Land Charges Act 1925
- Parliament of the United Kingdom
- Long title: An Act to consolidate the enactments relating to the registration of pending actions, annuities, writs, orders, deeds of arrangement and land charges, and to searches.
- Citation: 15 & 16 Geo. 5. c. 22
- Territorial extent: England and Wales

Dates
- Royal assent: 9 April 1925
- Commencement: 1 January 1926
- Repealed: 1 August 1977

Other legislation
- Amends: See § Repealed enactments
- Repeals/revokes: See § Repealed enactments
- Amended by: Matrimonial Homes Act 1967; Courts Act 1971; Land Charges Act 1972;
- Repealed by: Local Land Charges Act 1975
- Relates to: Housing Act 1925; Housing (Scotland) Act 1925; Town Planning Act 1925; Town Planning (Scotland) Act 1925; Settled Land Act 1925; Trustee Act 1925; Law of Property Act 1925; Land Registration Act 1925; Administration of Estates Act 1925; Universities and College Estates Act 1925; Supreme Court of Judicature (Consolidation) Act 1925; Workmen's Compensation Act 1925;

Status: Repealed

Text of statute as originally enacted

Revised text of statute as amended

= Land Charges Act 1925 =

Act of the Parliament of the United Kingdom

The Land Charges Act 1925 (15 & 16 Geo. 5. c. 22) was an act of the Parliament of the United Kingdom that consolidated enactments related to land ownership and interests in England and Wales.

== Provisions ==
=== Repealed enactments ===
Section 24 of the act repealed 12 enactments, listed in the schedule to the act.

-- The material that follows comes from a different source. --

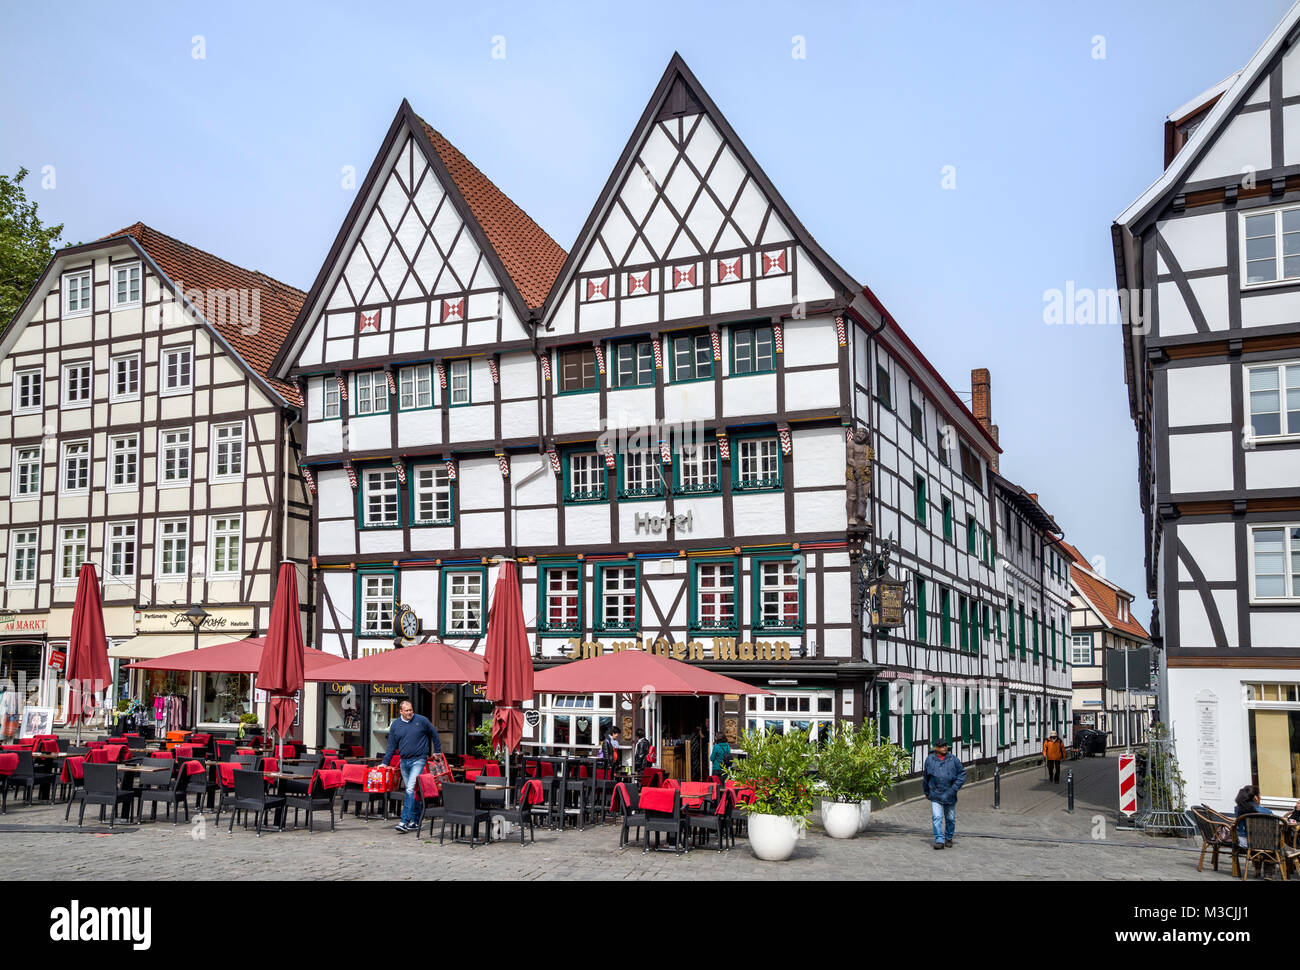 Hotel Im Wilden Mann, half-timbered houses at Markt (Market Square) in Soest, Ostwestfalen Region, North Rhine-Westphalia, Germany Stock Photo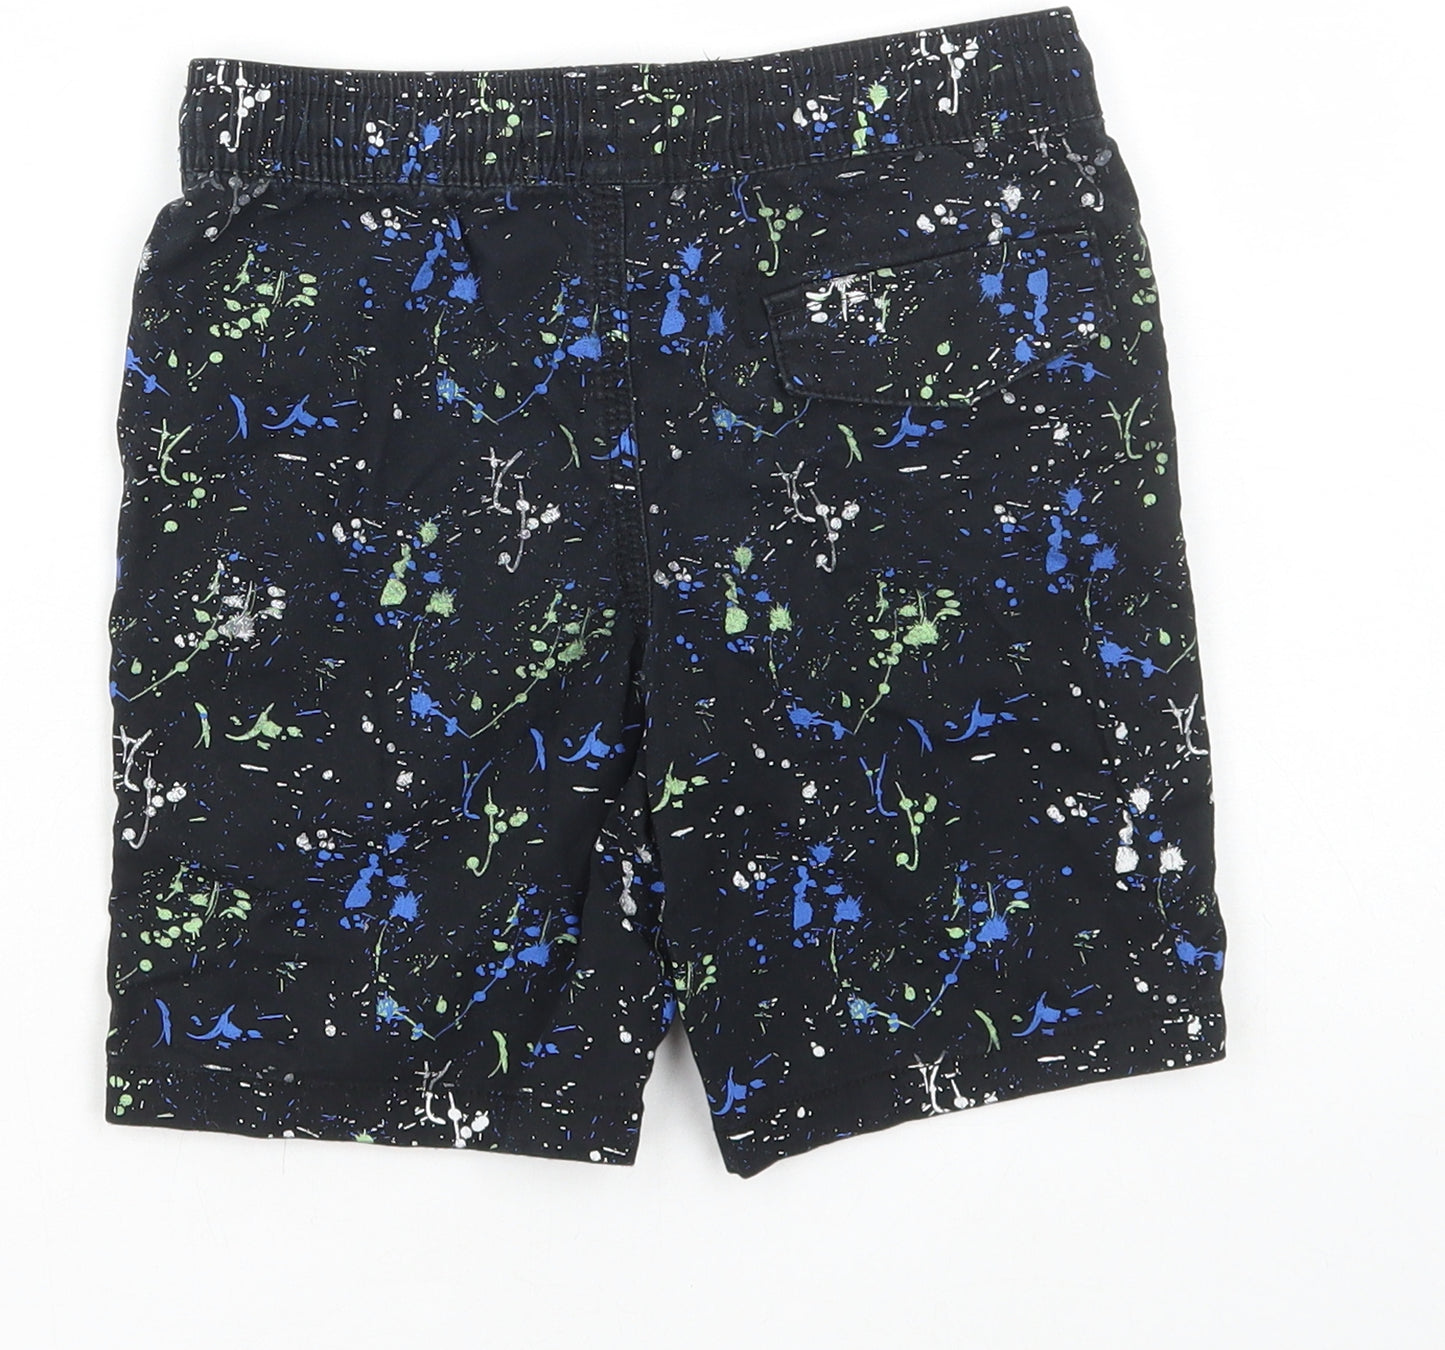 Primark Boys Multicoloured Geometric Polyester Sweat Shorts Size 6-7 Years Regular Drawstring

| Citation | Short title | Extent of repeal |
|---|---|---|
| 2 & 3 Vict. c. 11 | Judgments Act 1839 | Sections four, seven, ten and eleven. |
| 13 & 14 Vict. c. 43 | Court of Chancery of Lancaster Act 1850 | Section twenty-four. |
| 18 & 19 Vict. c. 15 | Judgments Act 1855 | Sections three, twelve, thirteen and fourteen. |
| 22 & 23 Vict. c. 35 | Law of Property Amendment Act 1859 | Section twenty-two. |
| 23 & 24 Vict. c. 115 | Crown Debts and Judgments Act 1860 | Section two. |
| 30 & 31 Vict. c. 47 | Lis Pendens Act 1867 | Section two. |
| 45 & 46 Vict. c. 39 | Conveyancing Act 1882 | Section two. |
| 51 & 52 Vict. c. 51 | Land Charges Registration and Searches Act 1888 | The whole act. |
| 57 & 58 Vict. c. 16 | Supreme Court of Judicature (Procedure) Act 1894 | The reference in the Schedule to the Lis Pendens Act, 1867. |
| 63 & 64 Vict. c. 26 | Land Charges Act 1900 | The whole act. |
| 12 & 13 Geo. 5. c. 16 | Law of Property Act 1922 | Sections fourteen and sixteen, and the Seventh Schedule. |
| 15 Geo. 5. c. 5 | Law of Property (Amendment) Act 1924 | Section six, and the Sixth Schedule. |

== Subsequent developments ==
The whole act was repealed by section 19(1) of, and schedule 1 to, the Local Land Charges Act 1975, which came into force on 1 August 1977.